Thanks for the suggestion. I tested the changes, and here's what I found:

    Commenting out the entire pcie_capability_set_word call: Passthrough works.
    Enabling only PCI_EXP_LNKCTL_LABIE: Passthrough works.
    Enabling only PCI_EXP_LNKCTL_LBMIE: Passthrough does not work.

It seems that LBMIE is the problematic bit. Let me know if you'd like me to run any further tests.

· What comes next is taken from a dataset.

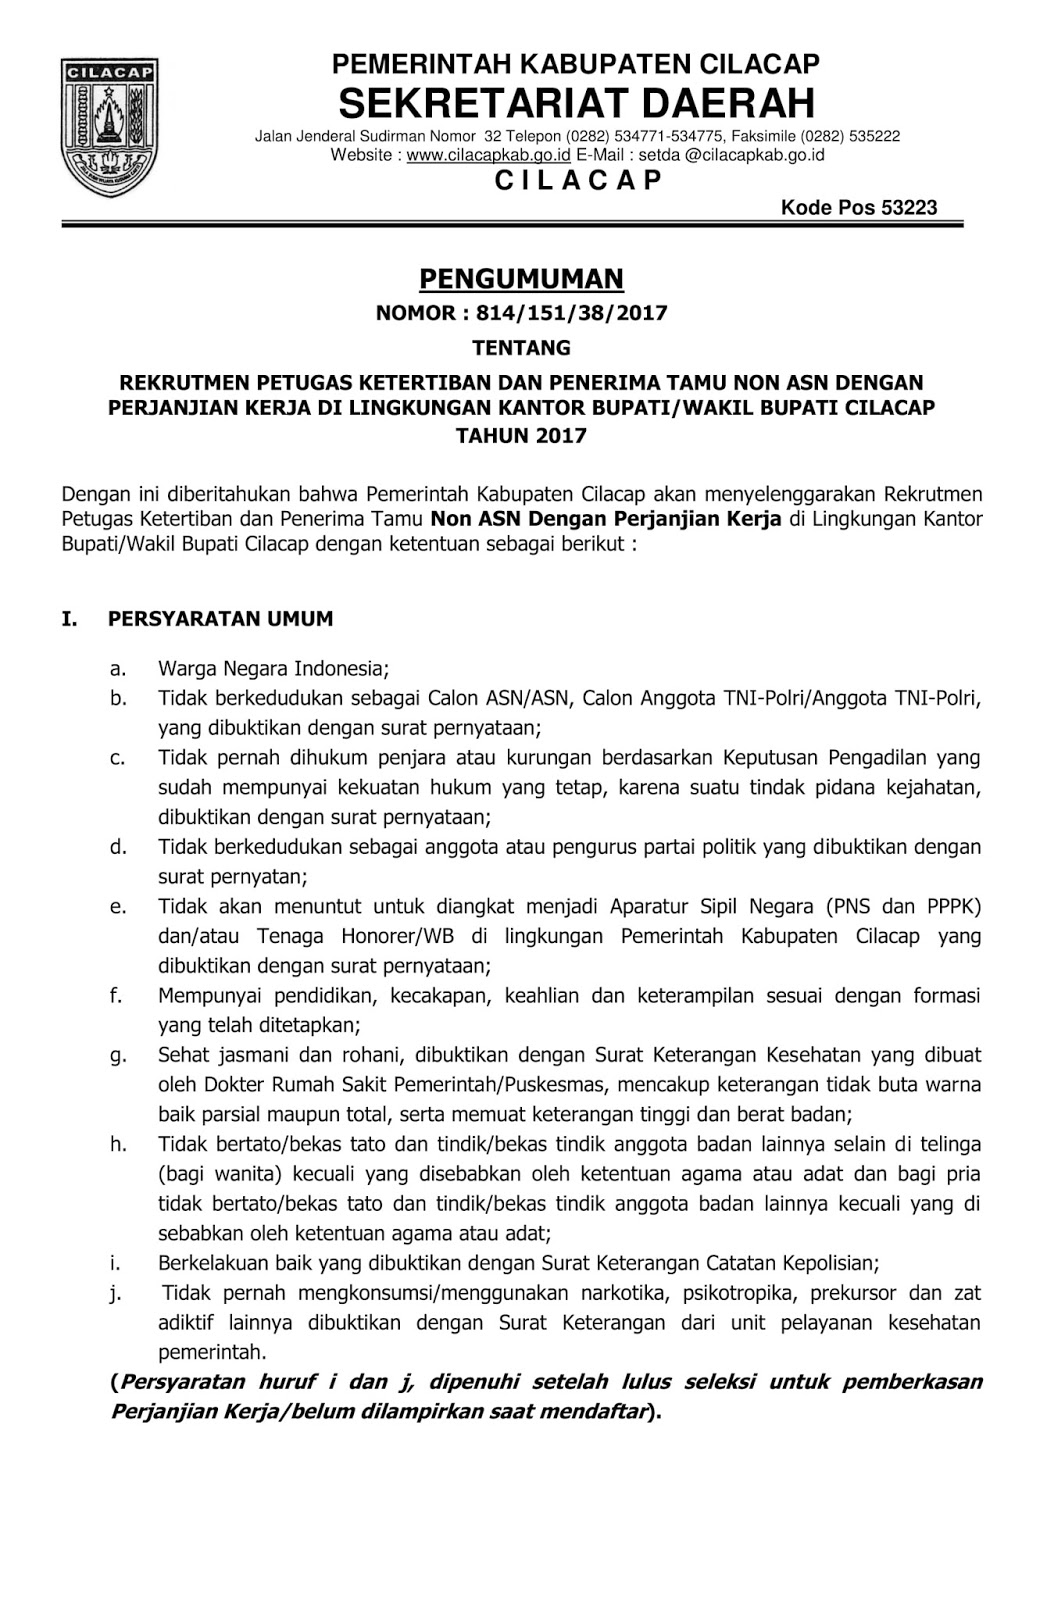 Lowongan Kerja   Non ASN Lingkungan Kantor Bupati/Wakil Bupati Cilacap Tingkat SMA D3  Agustus 2018
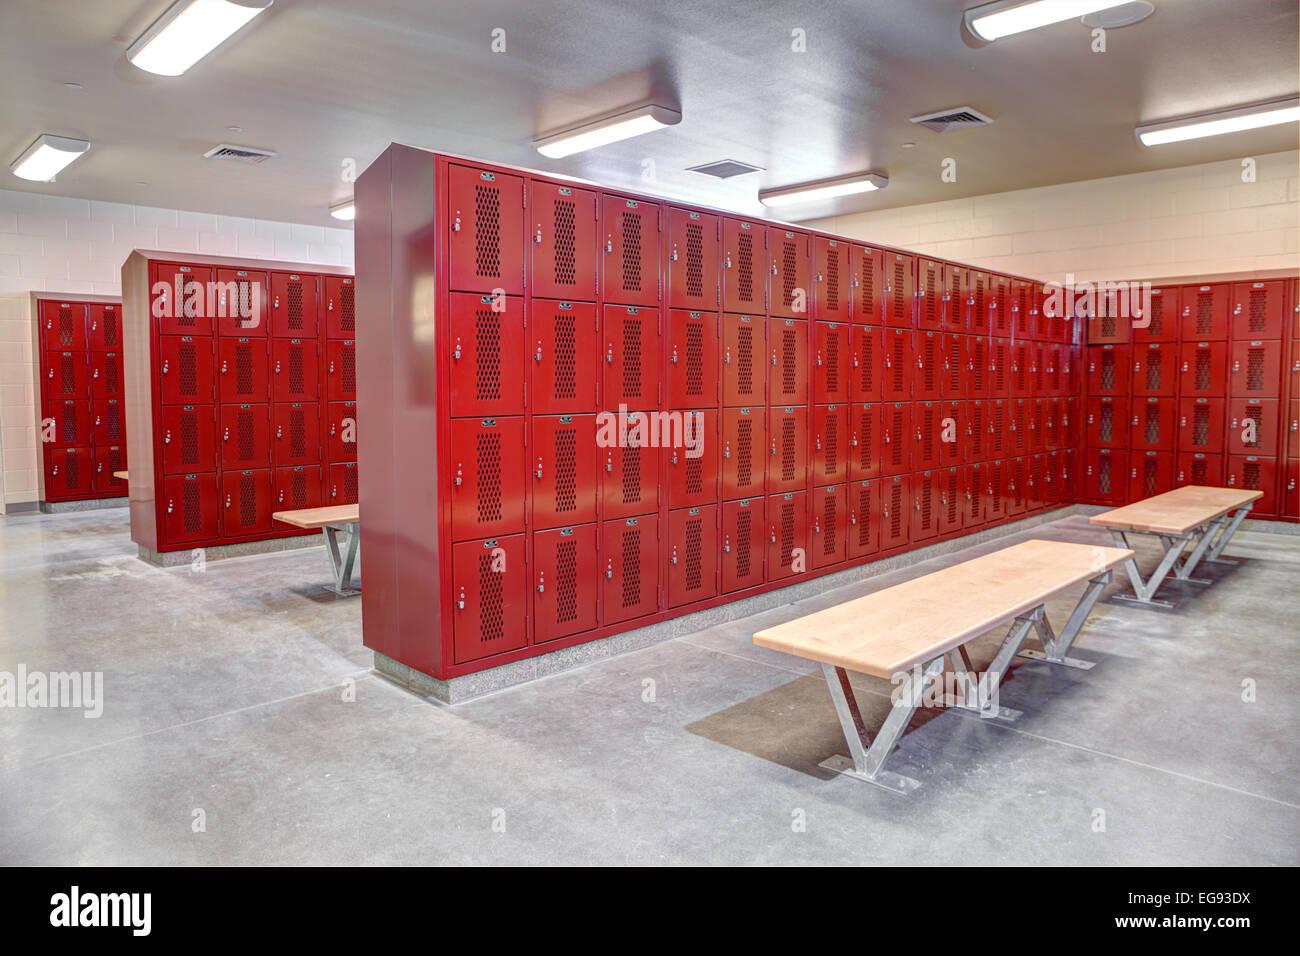 The interior of a High School locker room Stock Photo, Royalty ...

I've also attached the lspci outputs, in case, it is useful
Comment 39 Joel Mathew Thomas 2025-02-13 15:08:13 UTC
Created attachment 307640 [details]
lspci_before_vm_boot_6.14.0-rc2-00034-gfebbc555cf0f-dirty_pcie_capability_set_word_commented_out
Comment 40 Joel Mathew Thomas 2025-02-13 15:08:41 UTC
Created attachment 307641 [details]
lspci_after_vm_boot_6.14.0-rc2-00034-gfebbc555cf0f-dirty_pcie_capability_set_word_commented_out
Comment 41 Joel Mathew Thomas 2025-02-13 15:09:25 UTC
Created attachment 307642 [details]
lspci_before_vm_boot_6.14.0-rc2-00034-gfebbc555cf0f-dirty_pcie_capability_set_word_LABIE
Comment 42 Joel Mathew Thomas 2025-02-13 15:10:20 UTC
Created attachment 307643 [details]
lspci_after_vm_boot_6.14.0-rc2-00034-gfebbc555cf0f-dirty_pcie_capability_set_word_LABIE
Comment 43 Joel Mathew Thomas 2025-02-13 15:11:45 UTC
Created attachment 307644 [details]
lspci_before_vm_boot_6.14.0-rc2-00034-gfebbc555cf0f-dirty_pcie_capability_set_word_LBMIE
Comment 44 Joel Mathew Thomas 2025-02-13 15:12:07 UTC
Created attachment 307645 [details]
lspci_after_vm_boot_6.14.0-rc2-00034-gfebbc555cf0f-dirty_pcie_capability_set_word_LBMIE
Comment 45 Ilpo Järvinen 2025-02-14 12:44:13 UTC
There's one additional thing that might be worth a try. I noticed that the Link Speed gets downgraded to 2.5GT/s whenever set_word is there, and there's a series that should fix the Link Speed degradation:

https://lore.kernel.org/linux-pci/20250123055155.22648-1-sjiwei@163.com/

While I'm not entirely convinced it resolves the issue, the variations in Link Speed between the most recent logs may mean it could have a role here that is directly related to whether LBMIE is set or not. The interrupt handler in bwctrl increases lbms_count but might not do that in early phases if only LABIE or no set_word is present, which in turn impacts what the Target Speed quirk ends up doing (which relates to the fixes in that series).
Comment 46 Joel Mathew Thomas 2025-02-14 19:09:21 UTC
(In reply to Ilpo Järvinen from comment #45)
> There's one additional thing that might be worth a try. I noticed that the
> Link Speed gets downgraded to 2.5GT/s whenever set_word is there, and
> there's a series that should fix the Link Speed degradation:
> 
> https://lore.kernel.org/linux-pci/20250123055155.22648-1-sjiwei@163.com/
> 
> While I'm not entirely convinced it resolves the issue, the variations in
> Link Speed between the most recent logs may mean it could have a role here
> that is directly related to whether LBMIE is set or not. The interrupt
> handler in bwctrl increases lbms_count but might not do that in early phases
> if only LABIE or no set_word is present, which in turn impacts what the
> Target Speed quirk ends up doing (which relates to the fixes in that series).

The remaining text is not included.